Abstract No. 
2011 San Antonio Breast Cancer Symposium
December 6-10

Response to Neo-Adjuvant Chemotherapy and Outcomes for I-SPY 1 Patients Stratified by the 70-Gene Prognosis Signature (MammaPrint) and Molecular Subtyping (BluePrint)

Gluck S, deSnoo F, Tian S, Glas A, van't Veer L


Classification of breast cancers into molecular subtypes may be important for the proper selection of therapy for patients as tumors with seemingly similar biology can have strikingly different clinical outcomes. We analyzed response to neo-adjuvant chemotherapy as a function of molecular sub-types and show patient survival from the multi-center neo adjuvant trial, I-SPY I (CALGB 150007/150012; ACRIN 6657). Previous analyses had shown that breast cancer subtypes as identified by immunohistochemistry or molecular analyses, have distinct clinical outcome (Esserman, ASCO 2009). Here, we analyze how the 70-gene signature (MammaPrint) together with an 80-gene molecular subtyping profile (BluePrint=Basal-type, Luminal-type, ERBB2-type; de Snoo, ASCO, 2010 and manuscript under review) can sub-classify patients.

Materials: This study was carried out on genomics data of core needle biopsies from 149 out of 221 patients enrolled in the I-SPY I trial, a multi-center trial designed to identify predictive markers of pathological complete response (pCR) and disease-free survival (DFS) in women with locally advanced breast cancer (3 cm or greater). All women received neoadjuvant Doxorubicin & Cytoxan followed by paclitaxel chemotherapy. The 70-gene and the subtyping signatures, Basal, Luminal and ERBB2-type were determined on 44K Agilent arrays available through the I-SPY 1 data portal (Esserman, ASCO, 2009 and manuscript under review).

Results: The 70-gene signature classified 9% of patients (13/149) as Low Risk, of whom one patient was ERBB2-type, and the other 12 were Luminal-type. None of these patients experienced a pCR. The remaining 136 were classified as 70-gene High Risk (91%), of whom 47% were classified as Luminal-type with a pCR rate of 13%, 41% were Basal-type with a pCR rate of 34%, and 12% were ERBB2-type with a pCR rate of 56%.

Patients with BluePrint Basal-type tumors had a 5-year DFS of 61%; ERBB2-type had a 5-year DFS of 78%; 70-gene High Risk/Luminal-type had a 5-year DFS of 73% and 70-gene Low Risk/Luminal-type showed 5-year DFS of 100%.

The molecular subtype classification shows significant association to clinically assessed receptor status.

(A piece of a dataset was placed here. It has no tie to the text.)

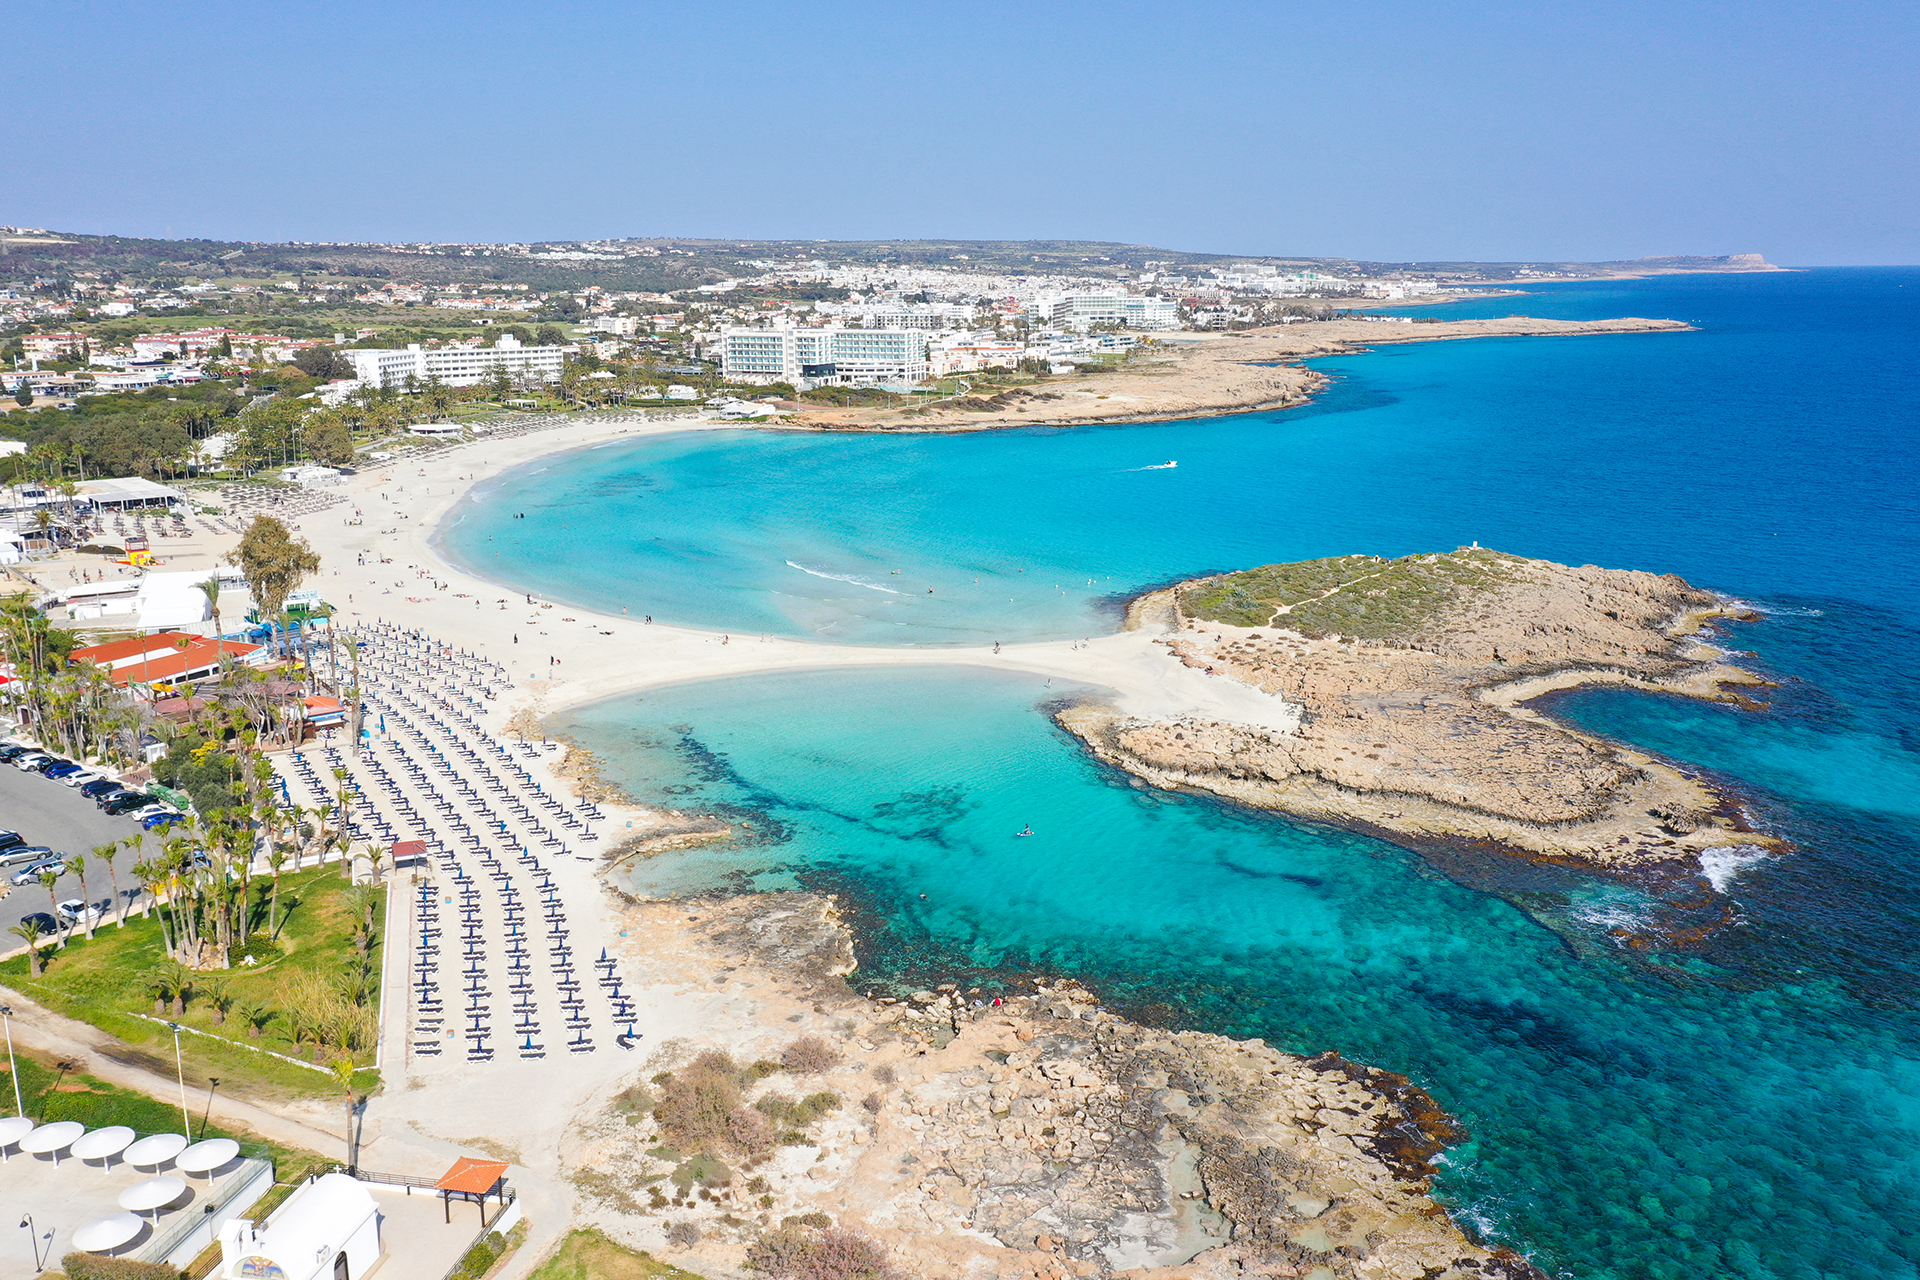 Nissi beach named among top 25 beaches worldwide by TripAdvisor

However, clinically assessed HER2+ patients were distributed across all molecular subtypes, where ER+HER+ are predominantly classified as Luminal-type.

Conclusion: This study was performed with the I-SPY I dataset, which provides a platform to compare, contrast & combine marker signatures to tailor therapy. We show how combining BluePrint, with MammaPrint risk-classification can detect specific groups of patients who are at high risk of recurrence and who would have a higher likelihood to benefit from chemotherapy. Furthermore, MammaPrint Low Risk patients do not benefit from neo-adjuvant therapy, though have excellent survival rates, suggesting that the Low Risk Luminal-type patients could be managed conservatively.